» **AIM OF THE TASK**
Output the data word for word, dropping every image.

» **DATA PROVIDED**
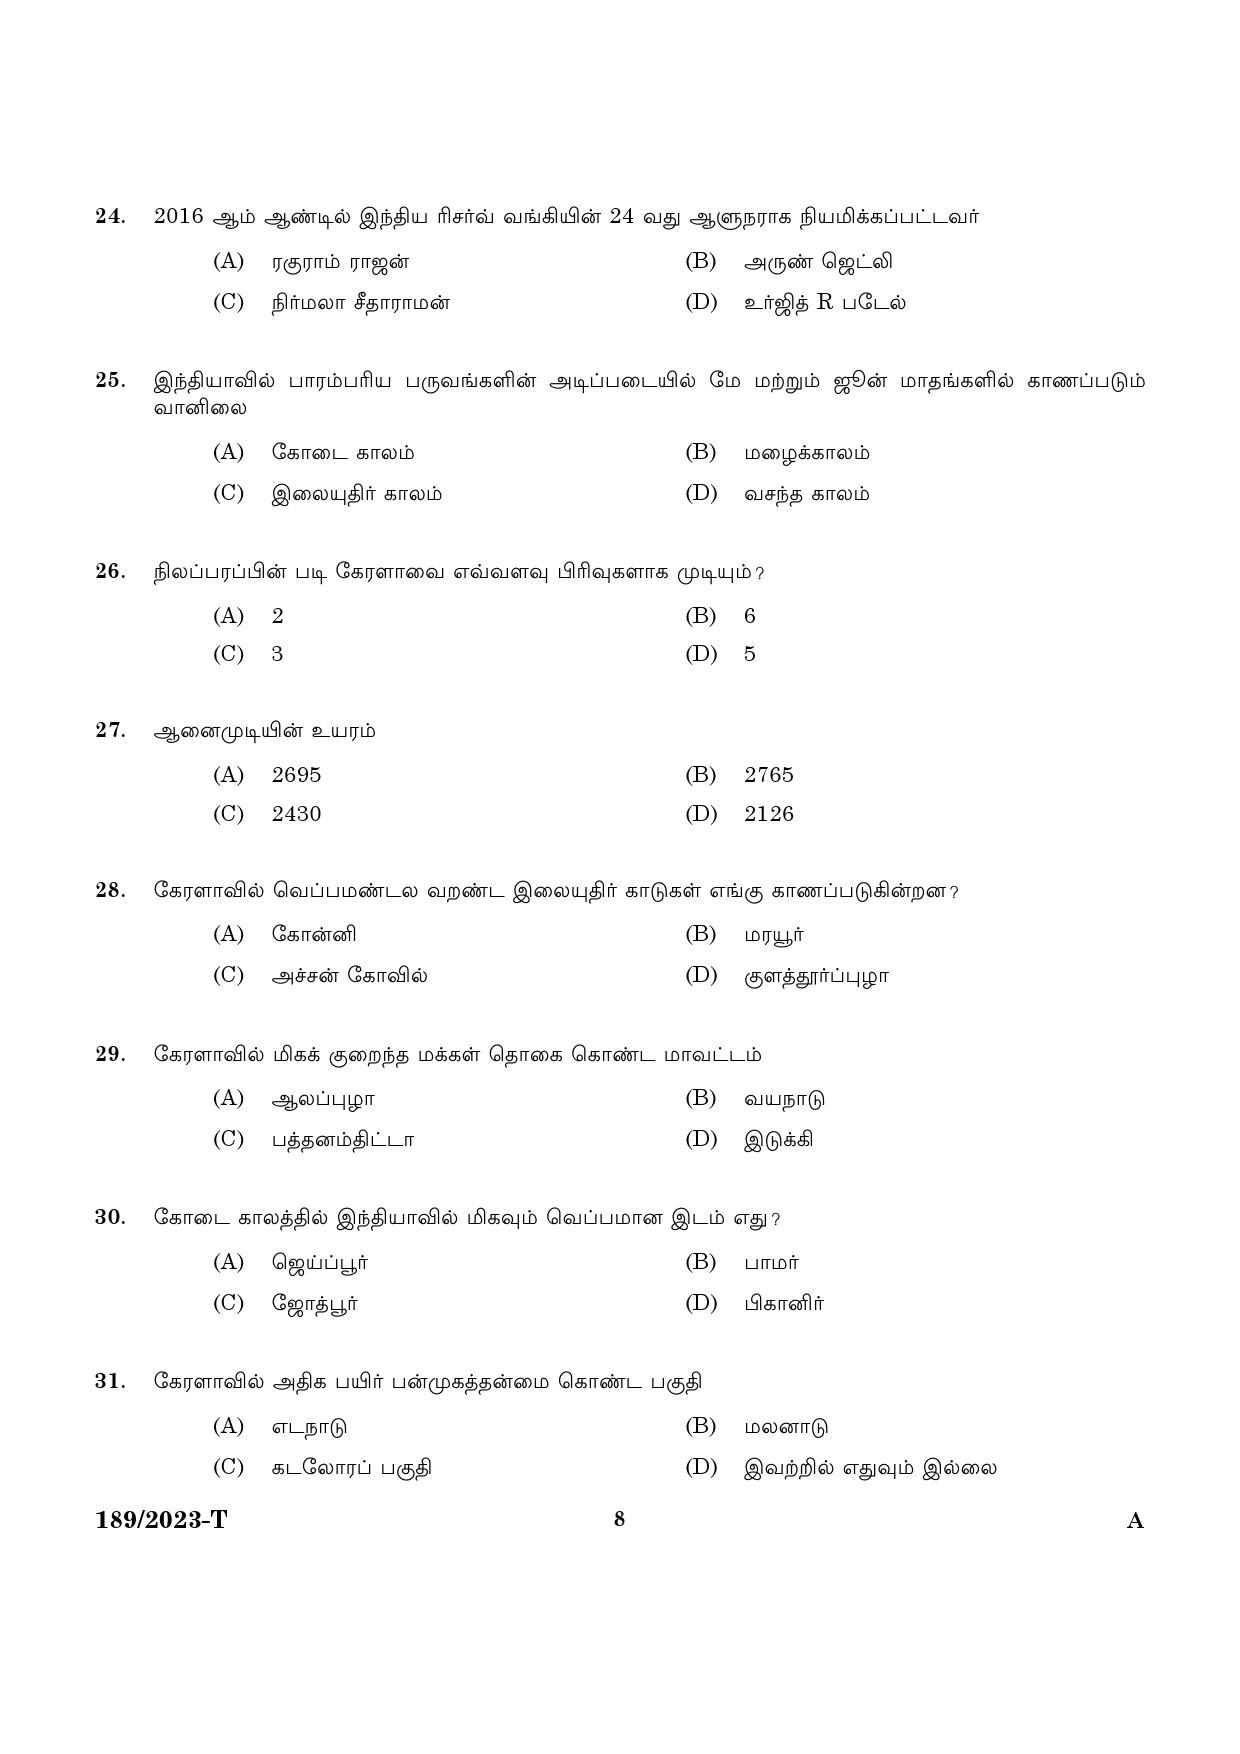 KPSC LGS Tamil Exam 2023 Code 1892023 T 6
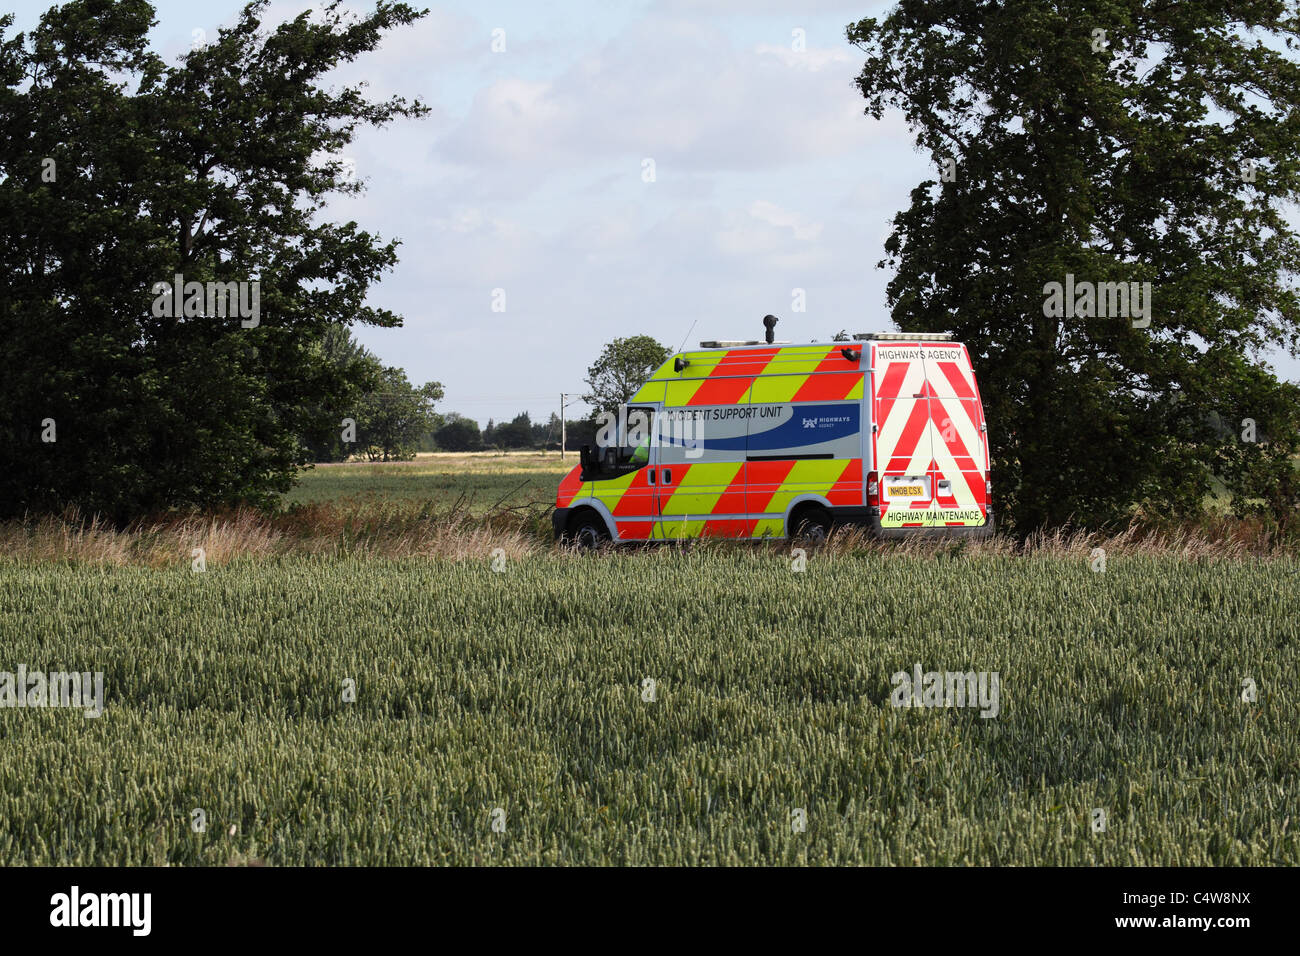 Highways incident van on country lane Milton Cambridgeshire Stock Photo
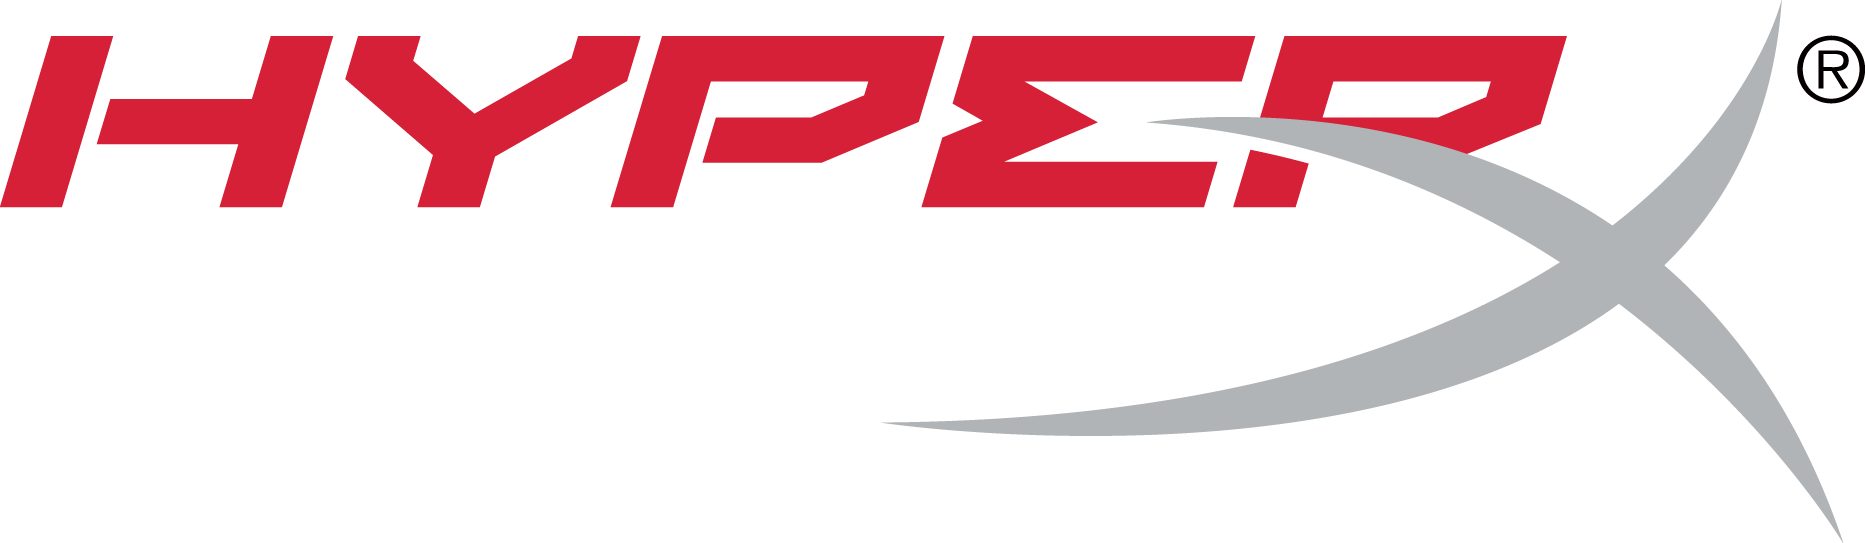 hyperX_R_logo.png

» **SOLUTION**
 KPSC LGS Tamil Exam 2023 Code 1892023 T 6
 Highways incident van on country lane Milton Cambridgeshire Stock Photo
 hyperX_R_logo.png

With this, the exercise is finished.